You can ask on that link and somebody will let you know for sure.


----------



## davidl (Jan 7, 2002)

Lessen said:


> Do the gas guys race EVERY Sunday provided weather is good or is there a planned schedule? Just curious. Thanks.


One Eighth Scale Racers of Toledo set up a schedule that is friendly to the Midwest Series, the ROAR 1/8 Nationals, the other regional tracks bigger races and the IFMAR World Championships. Their 2013 schedule will not be posted till those other races are figured out. They also do not race on Mothers Day.


----------



## T28Pilot (Jan 26, 2013)

Is there a website available for the One Eighth Racers? I can't seem to locate a functioning site.


----------



## davidl (Jan 7, 2002)

T28Pilot said:


> Is there a website available for the One Eighth Racers? I can't seem to locate a functioning site.


They have a site, but their webmaster passed away last year and they have not put a new webmaster to work on their site.


----------



## T28Pilot (Jan 26, 2013)

How unfortunate, I understand now. I will stay posted a loook for a new site in the future.............


----------



## tthib3685 (Apr 30, 2013)

im new to rc racing and i just bought the ofna 1/8 onroad gtp rtr and the servos suck! Any suggestions on a good servo to use for onroad that wont break the bank?


----------



## Flyin Hawaiian (Nov 5, 2010)

tthib3685 said:


> im new to rc racing and i just bought the ofna 1/8 onroad gtp rtr and the servos suck! Any suggestions on a good servo to use for onroad that wont break the bank?
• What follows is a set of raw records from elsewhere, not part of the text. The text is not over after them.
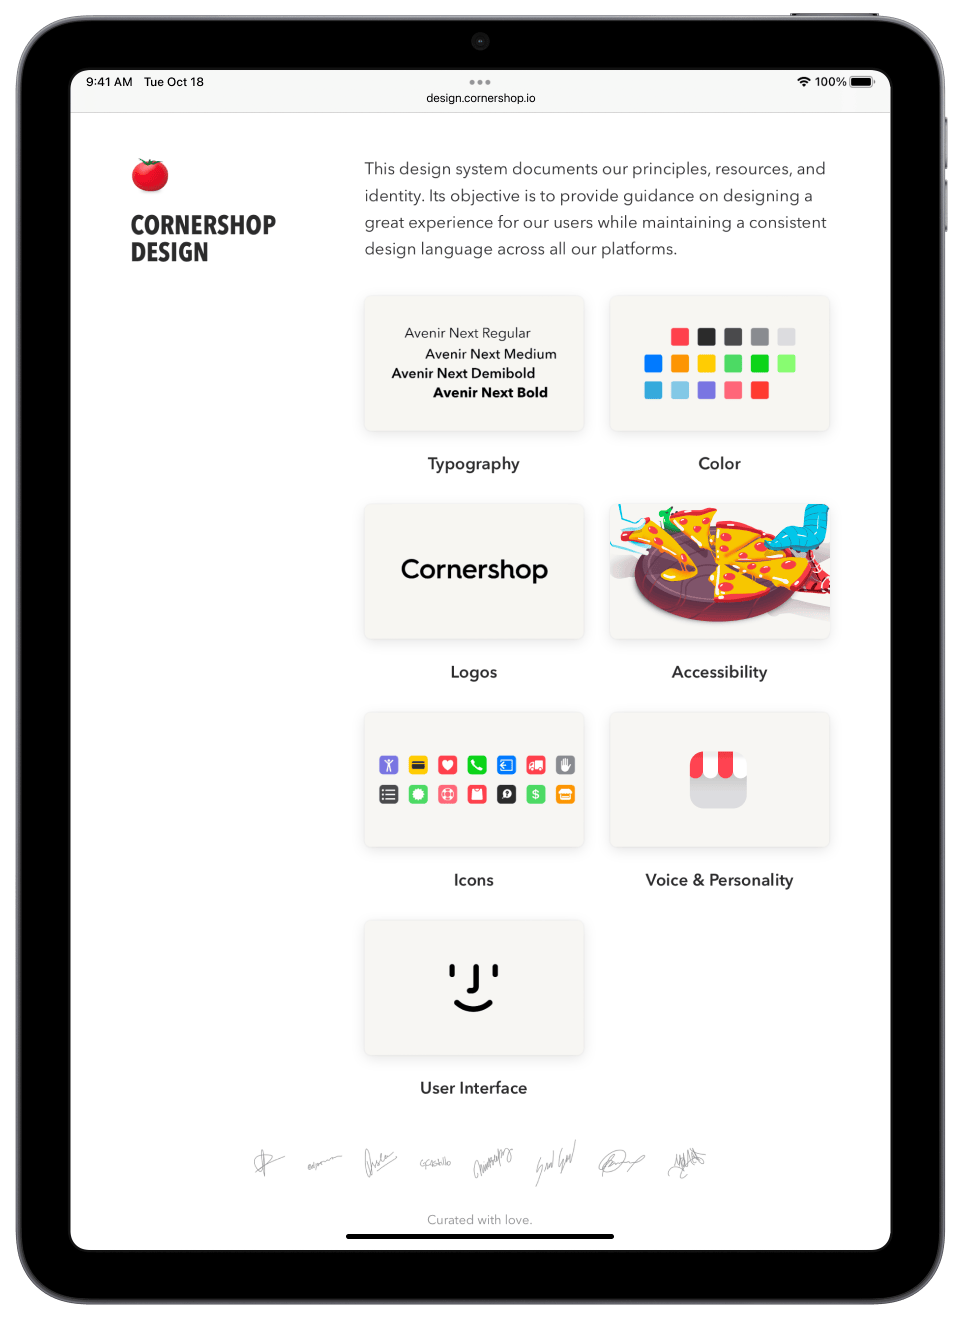 iPad Pro displaying a design principles website with illustrations.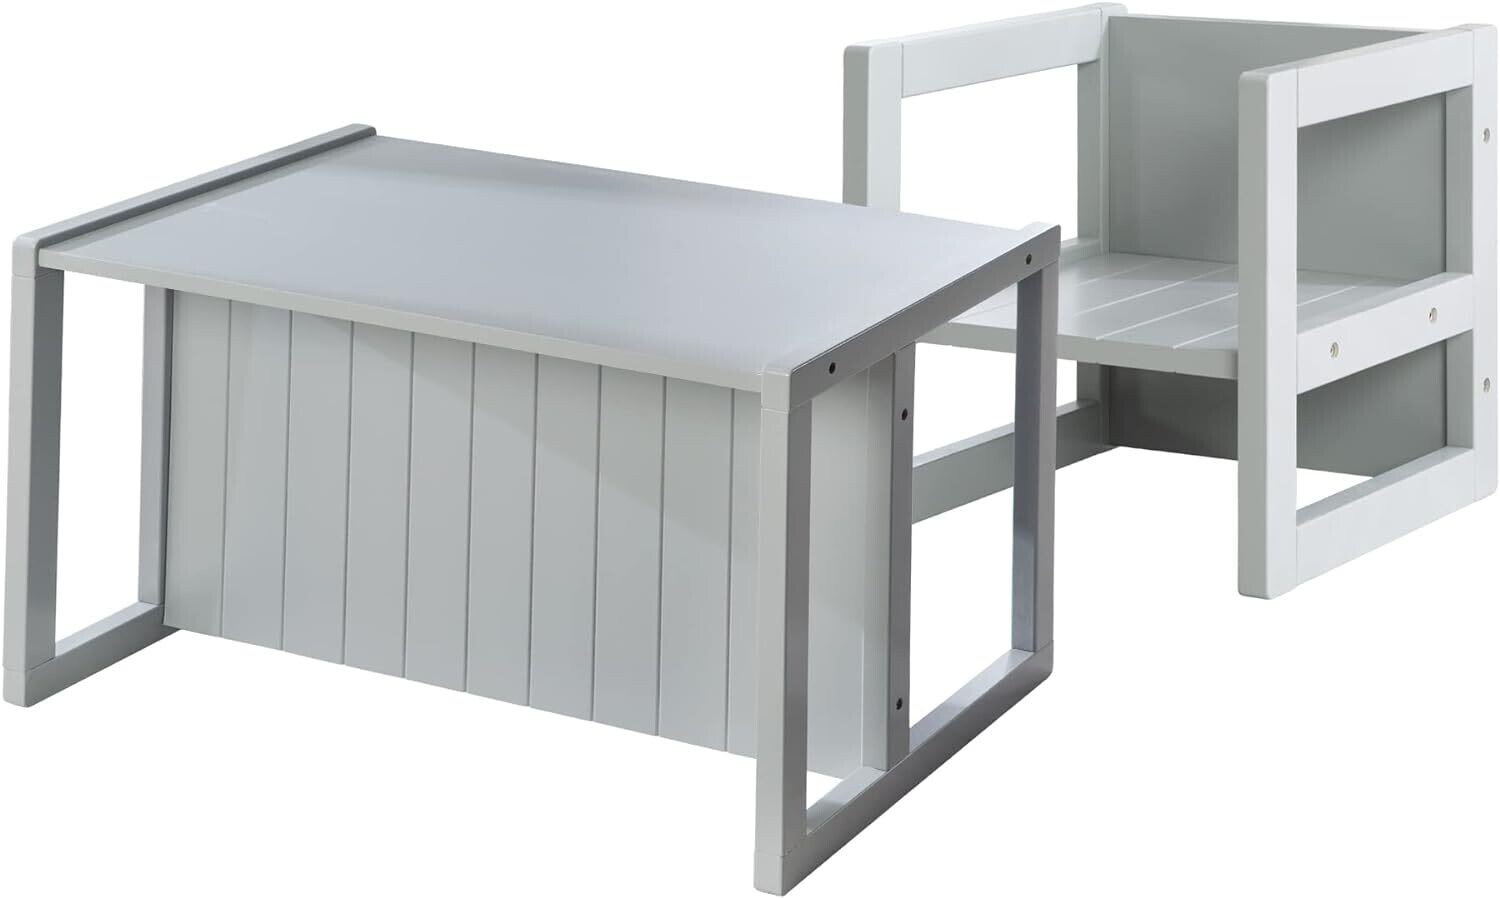 Country House Style Furniture Set for Children: Stool & Children's Table, Convertible to Children's Bench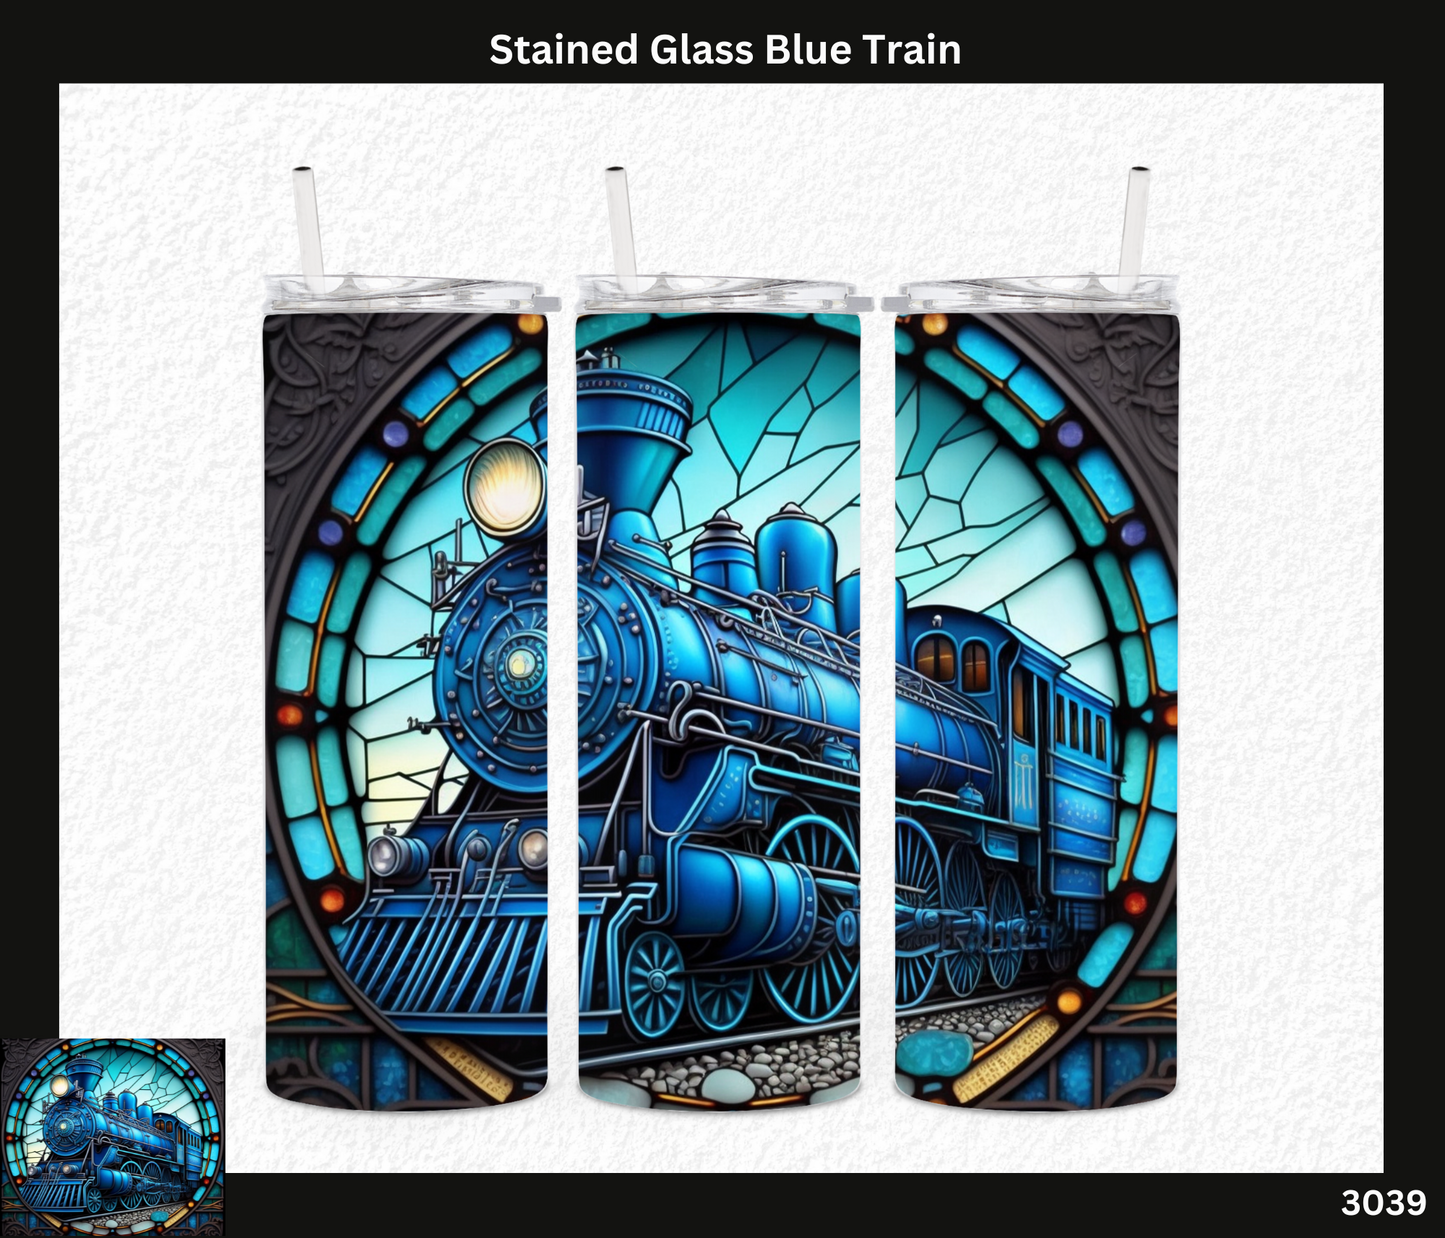 Stained Glass Blue Train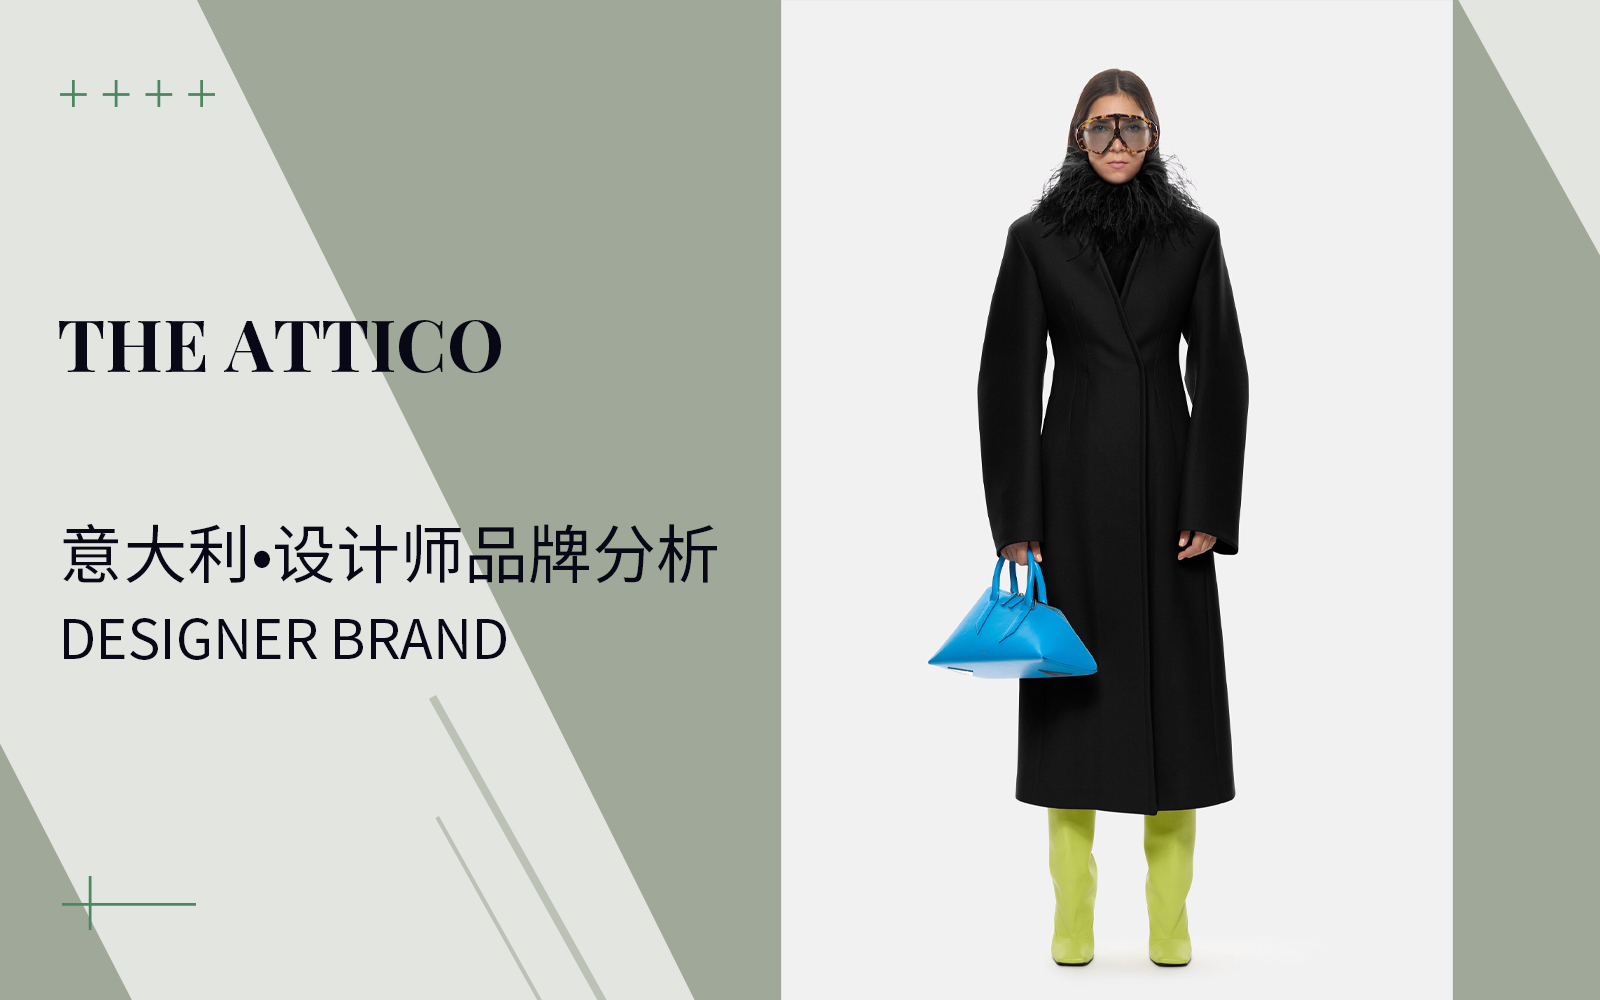 Multifaceted -- The Analysis of The Attico The Womenswear Designer Brand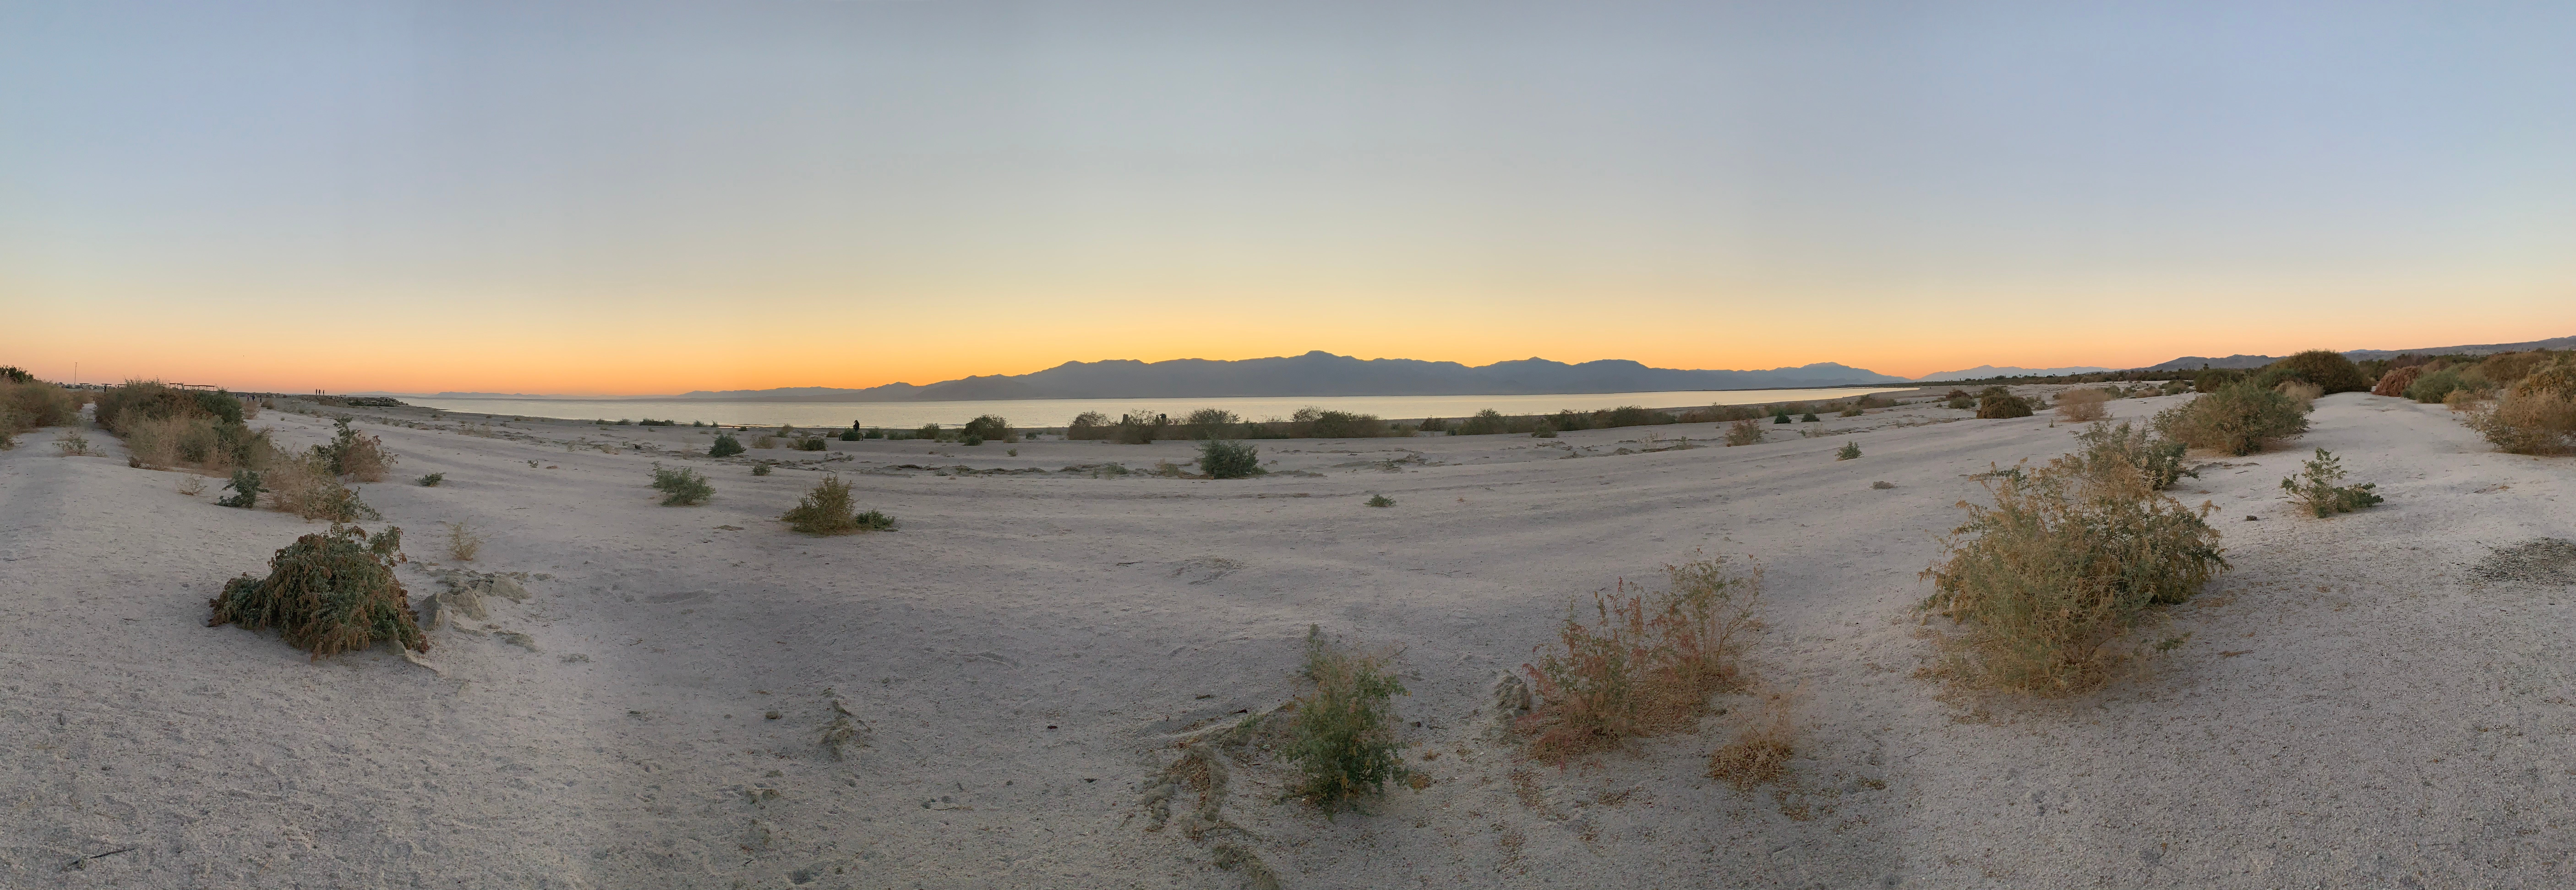 Camper submitted image from Salton Sea Sra - 1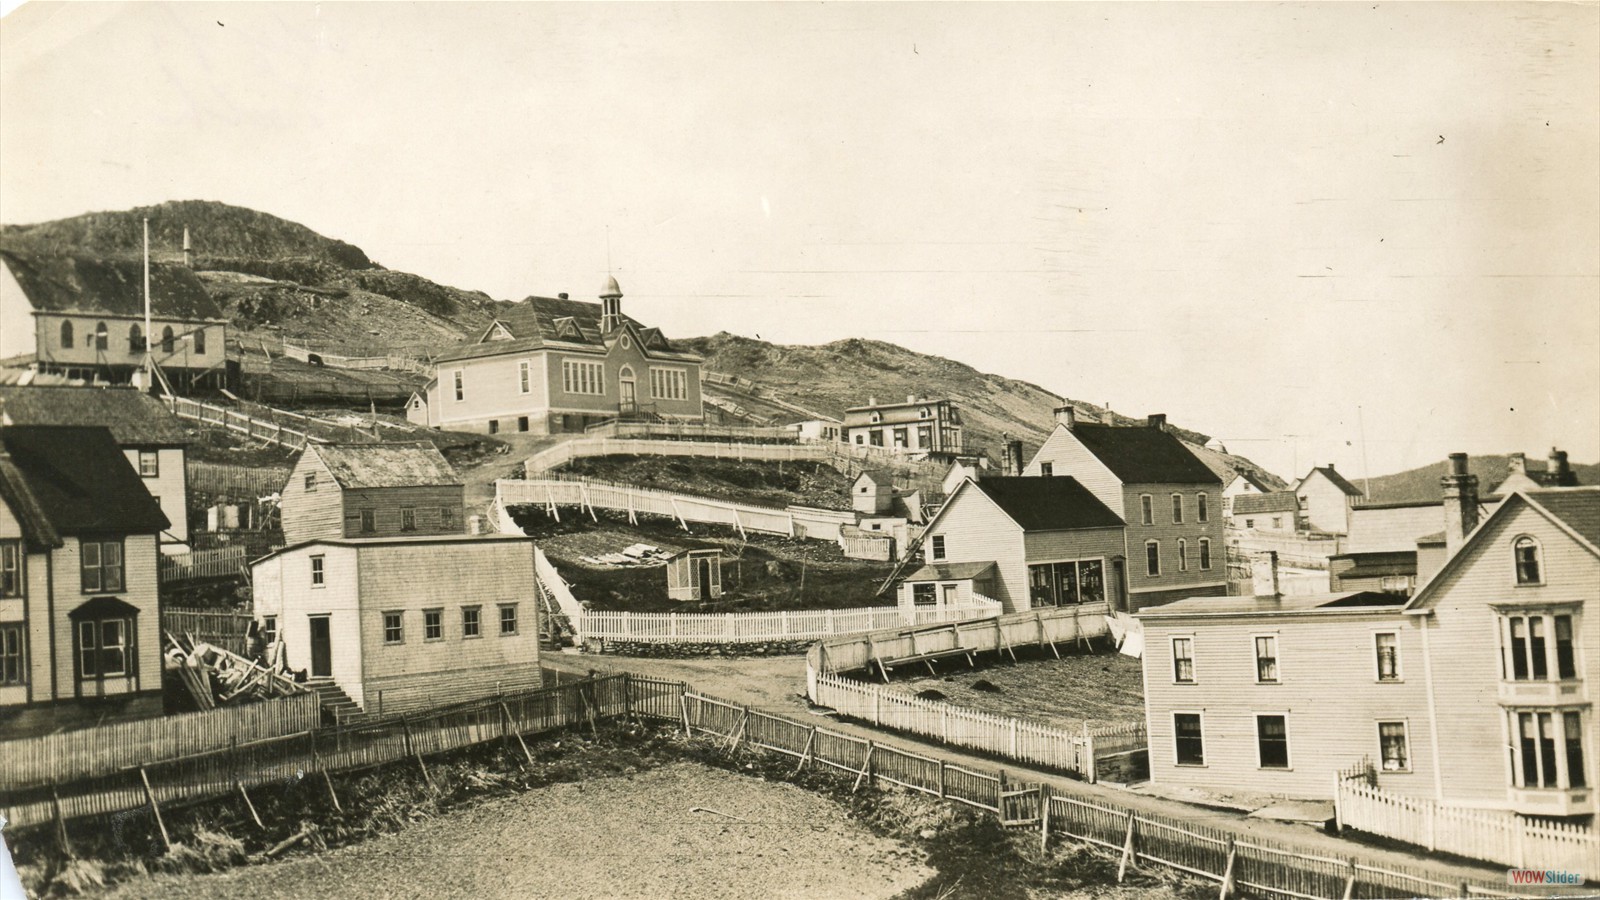 After 1910, shows St. Paul`s Anglican School on Gun Hill

This one is very good, it has good speed and good torque and reasonably priced.

http://www.amainhobbies.com/product...ndard-Digital-High-Torque-Titanium-Gear-Servo

I personally run radiopost servos. All I can say is they are amazing!!! The price is slightly higher but well worth it for me.

http://www.absolutehobbyz.com/product_info.php?products_id=8381


----------